En cuanto al poder simbólico: las plantas. Órganos como las hojas, las raíces…, devienen partes de un cuerpo que una vez fue fragmentado, pero luego encontró, en su crecimiento, la necesidad de levantarse.

Un aire urbano cubre los poemas, aunque es menos perceptible. Lo cierto es que la autora, habanera de naturaleza, no puede desprenderse del espacio que la alberga, y donde también transcurre su experiencia como mujer y como humana.

Si bien el trabajo con los objetos no es vistoso en Phalaenopsis, destacan propiedades inusuales, como no es infrecuente en la poesía.

La autora responde, en su relación con el medio, con sus emociones ante determinados atributos. Pudiera notarse, incluso, siendo muy minuciosos, un sutil soplo de literatura infantil, si analizamos el libro como un habitáculo de experiencias—algunas bastantes íntimas—que tienen su base en lo familiar, en la infancia. He aquí otro elemento interesante: la necesidad de reconciliación con el pasado.

Hay, además, espacio para el amor, la superación, el entendimiento…; y la renuncia se expone limpia y tranquila, como si ya estuviese todo claro y la autora lista para hablar de ello.

Es un libro conmovedor, sí, pero no dulce: ‹‹las tumbas no asustan como me han hecho creer››. Dejar libre el miedo, la muerte y el dolor no llena de flores el camino. Todo lo contrario. Estas páginas, que son también hogar, asumen la vida con astucia y madurez.

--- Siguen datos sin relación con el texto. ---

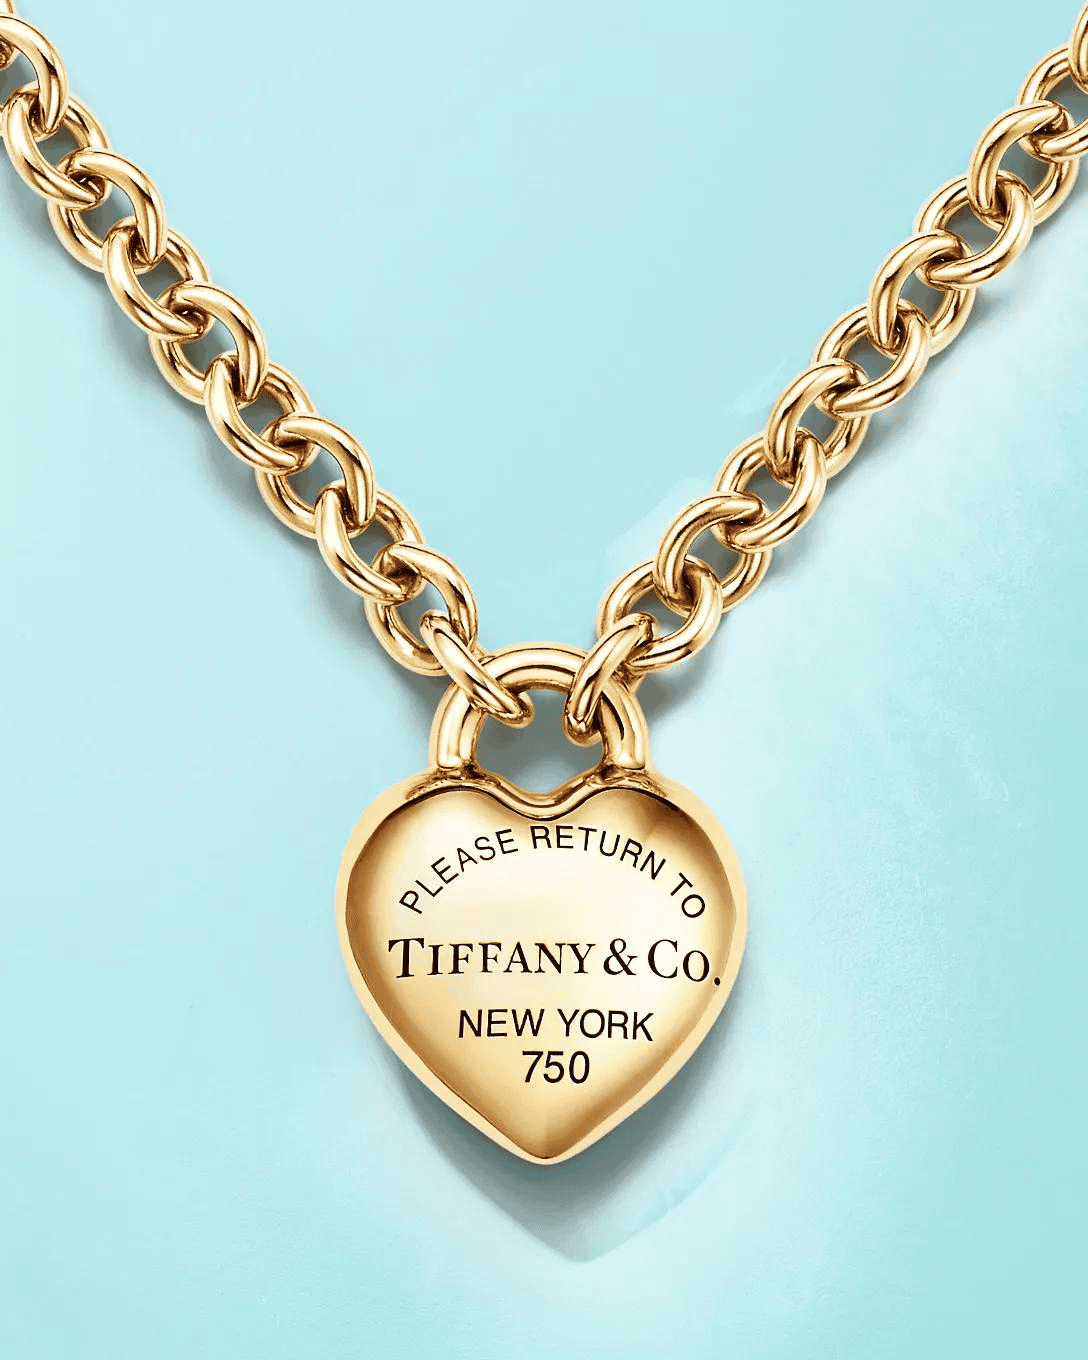 Collections | Tiffany & Co.

Aquí ya no hay pudor detrás de la tristeza.



Soledad: el regreso y los ojos de una madre

La soledad también está en las casas vacías, en las casas que han perdido sus olores, en los rosarios que quedan desamparados sobre la mesa y en las plantas que mueren ahogadas por la tierra árida que una vez dio forma a sus raíces. 

Soledad (Editorial Ãcana, 2022, Premio de la Ciudad Silvestre de Balboa, Camagüey, 2021), de Elaine Vilar Madruga, es un libro inherente al mundo de la pérdida; pero también al de la reconciliación. Es posible percibir la belleza de las palabras hirientes y de los fantasmas que acechan en los cuartos, sobre las sábanas cubiertas de polvo y las cómodas con frascos de perfumes sellados por el tiempo. 

Una mujer que se niega a olvidar, porque es madre y una madre jamás olvida sus retoños. Existe algún fenómeno, como la psicosis puerperal, que mantiene intacta la memoria del adiós. Los hijos que se van, nunca se van del todo. Regresan, porque ser hijo es también un aliciente para el mundo que se empeña en destruirlos. El retorno encierra muchas dudas, y el desarraigo de quien se queda es aún más fuerte que la marcha.

Como una buena obra de teatro, el conflicto principal —porque presenta más de uno— encamina al lector hacia un final hermoso y con cierta melancolía, como si la autora pretendiese esparcir el dolor, pero su vínculo con los personajes intercediera como atenuante en esta historia de ‹‹libros dentro de libros››. Sí, porque la autora es una mujer de personajes, parece amarlos, posicionarse en sus cabezas y llevar sus acciones al nido de la maternidad, al hogar de la ausencia y la renuncia. Es la maternidad uno de los ejes principales de la obra, en casi todas sus aristas: la madre libro, la madre ausente, la madre del dolor…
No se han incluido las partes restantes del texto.